This article is written primarily for beginners who do not have the experience of using regular expressions.
Reprint Please specify the source
Intermediate Introduction Sub-expressions, looking forward and backward referencing links: http://www.cnblogs.com/chuxiuhong/p/5907484.html
Definition is a definition, too serious can not be used. Let's raise a chestnut: if you're writing a reptile, you get
HTML source for a Web page. There is one section
You want to extract this Hello world, but if you just do Python string processing, the first reaction might be
Dry Start Entry levelLet's go on to the example that we just made. What do we do with this expression if we take the regular?
import rekey = r " #这段是你要匹配的文本p1 = r "(?<= #这是我们写的正则表达式规则, you can not understand what it means pattern1 compile (p1) #我们在编译这段正则表达式matcher1 = Re.search (pattern1,key) #在源文本中搜索符合正则表达式的部分 print matcher1.group (0) #打印出来
You can try to run the code above and see if it's the same as we imagined (bloggers are in the python2.7 environment) find the code is very little quite simple?
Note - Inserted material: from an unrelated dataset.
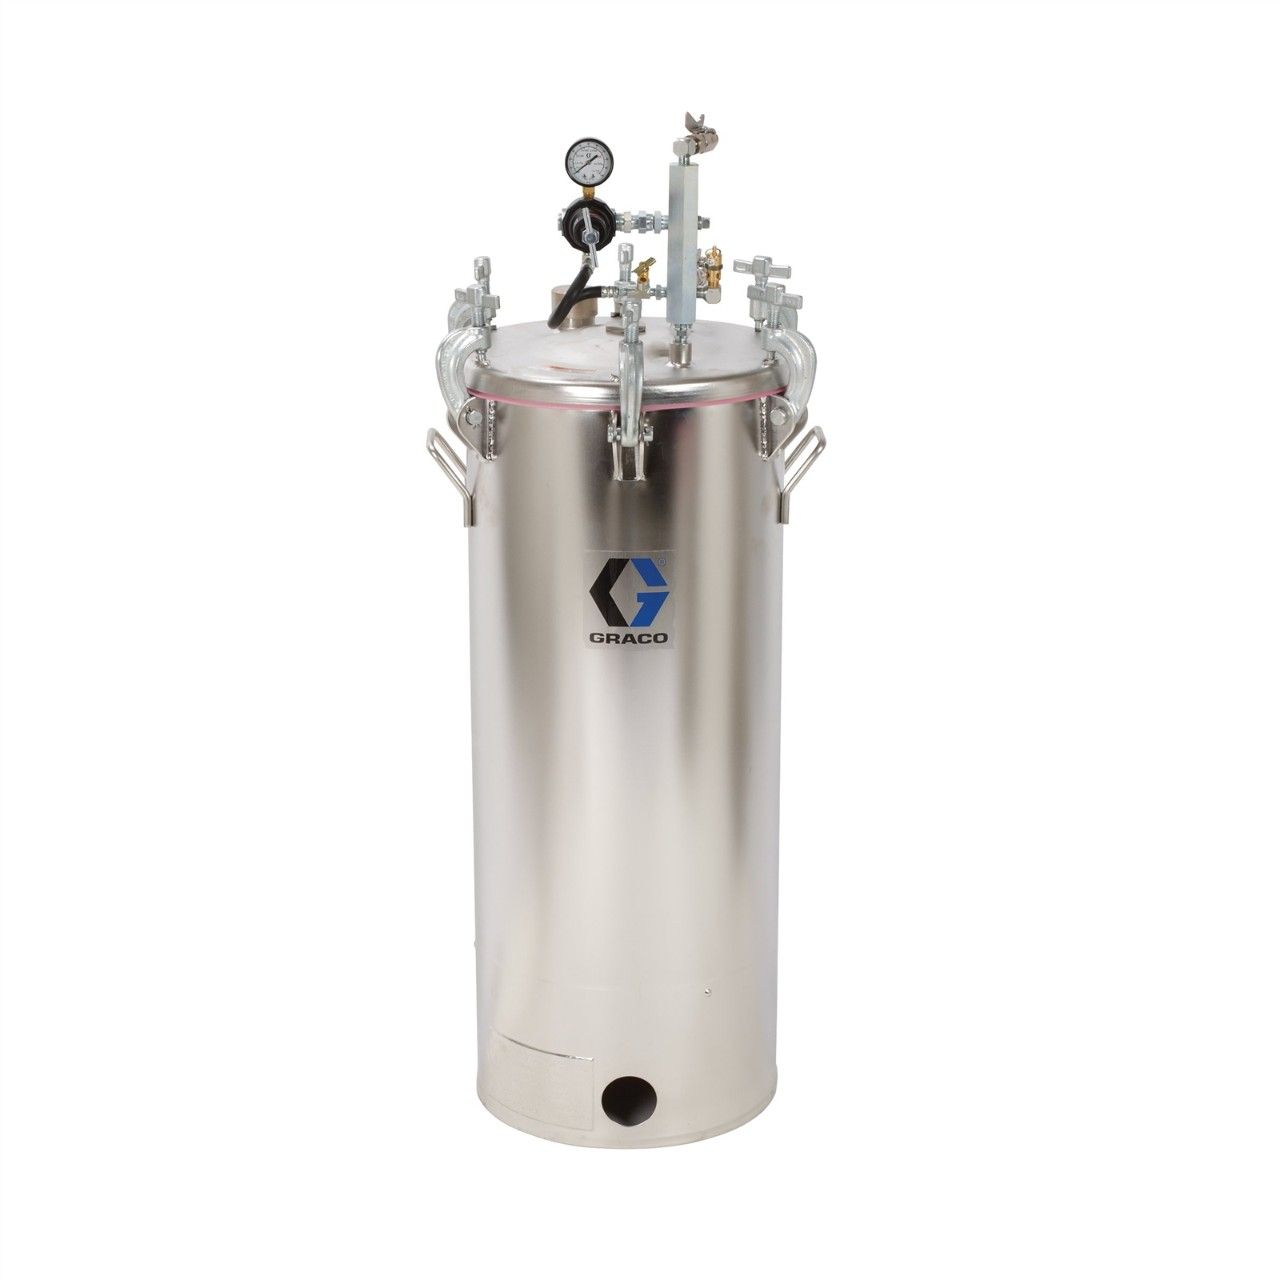 GRACO 15-Gallonen-Hochdruckbehälter (HVLP), eingestellt auf 100 psi - 236151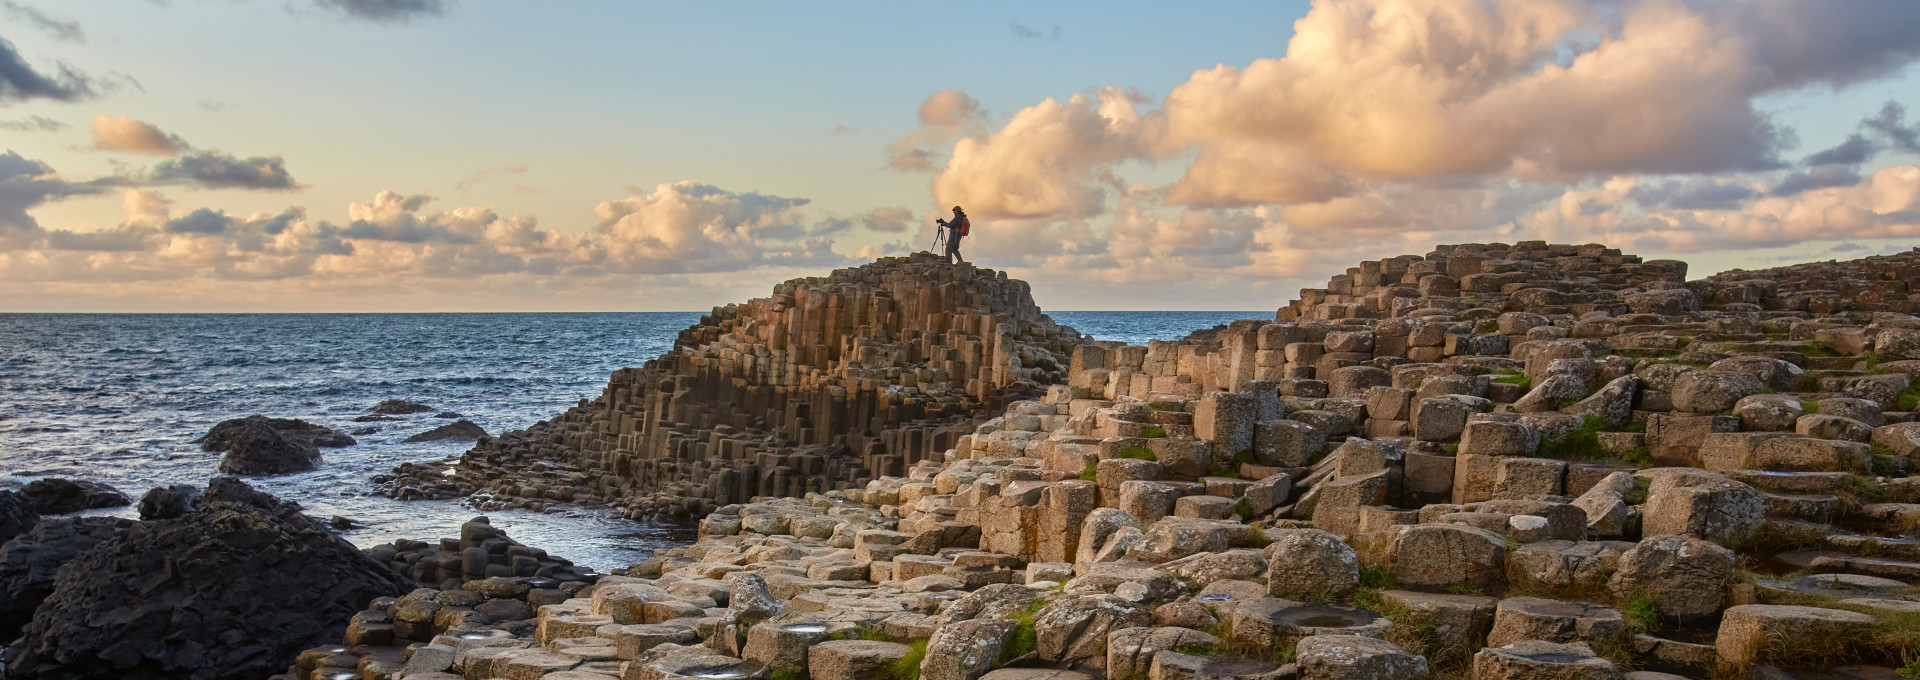 Basaltsäulen an der Küste in Nordirland

Look down. And the regular expression is actually much simpler than the odd-looking grotesque.
First, start with the most basic regular expression.
Suppose our idea is to match all of the "Python" in a string to. Let's try what we can do.
import Rekey = r "JAVAPYTHONHTMLVHDL" #这是源文本p1 = r "python" #这是我们写的正则表达式pattern1 = re. Compile (p1) #同样是编译matcher1 = re.search (Pattern1,key) #同样是查询 print Matcher1.group (0)
After reading this piece of code, do you think: lying trough? This is the regular expression? Just write it straight up.
Indeed, the regular expression is not as wonderful as it is on the surface, and if it is not that we deliberately change the meaning of some symbols, you see that you want to match.
So, first empty the brain, first think that the regular expression is the same as the string you want to match the same length. In the following exercises, we will evolve gradually.
Primary0. Both Python and regular expressions are case-sensitive , so when you replace "python" with "Python" in the example above, it won't match your beloved Python.
1. Go back to the match in the first example . If I write like this, what will happen?
import rekey = r"#源文本p1 = r"#我们写的正则表达式,下面会将为什么pattern1 = re.compile(p1)print pattern1.findall(key)#发没发现,我怎么写成findall了?咋变了呢?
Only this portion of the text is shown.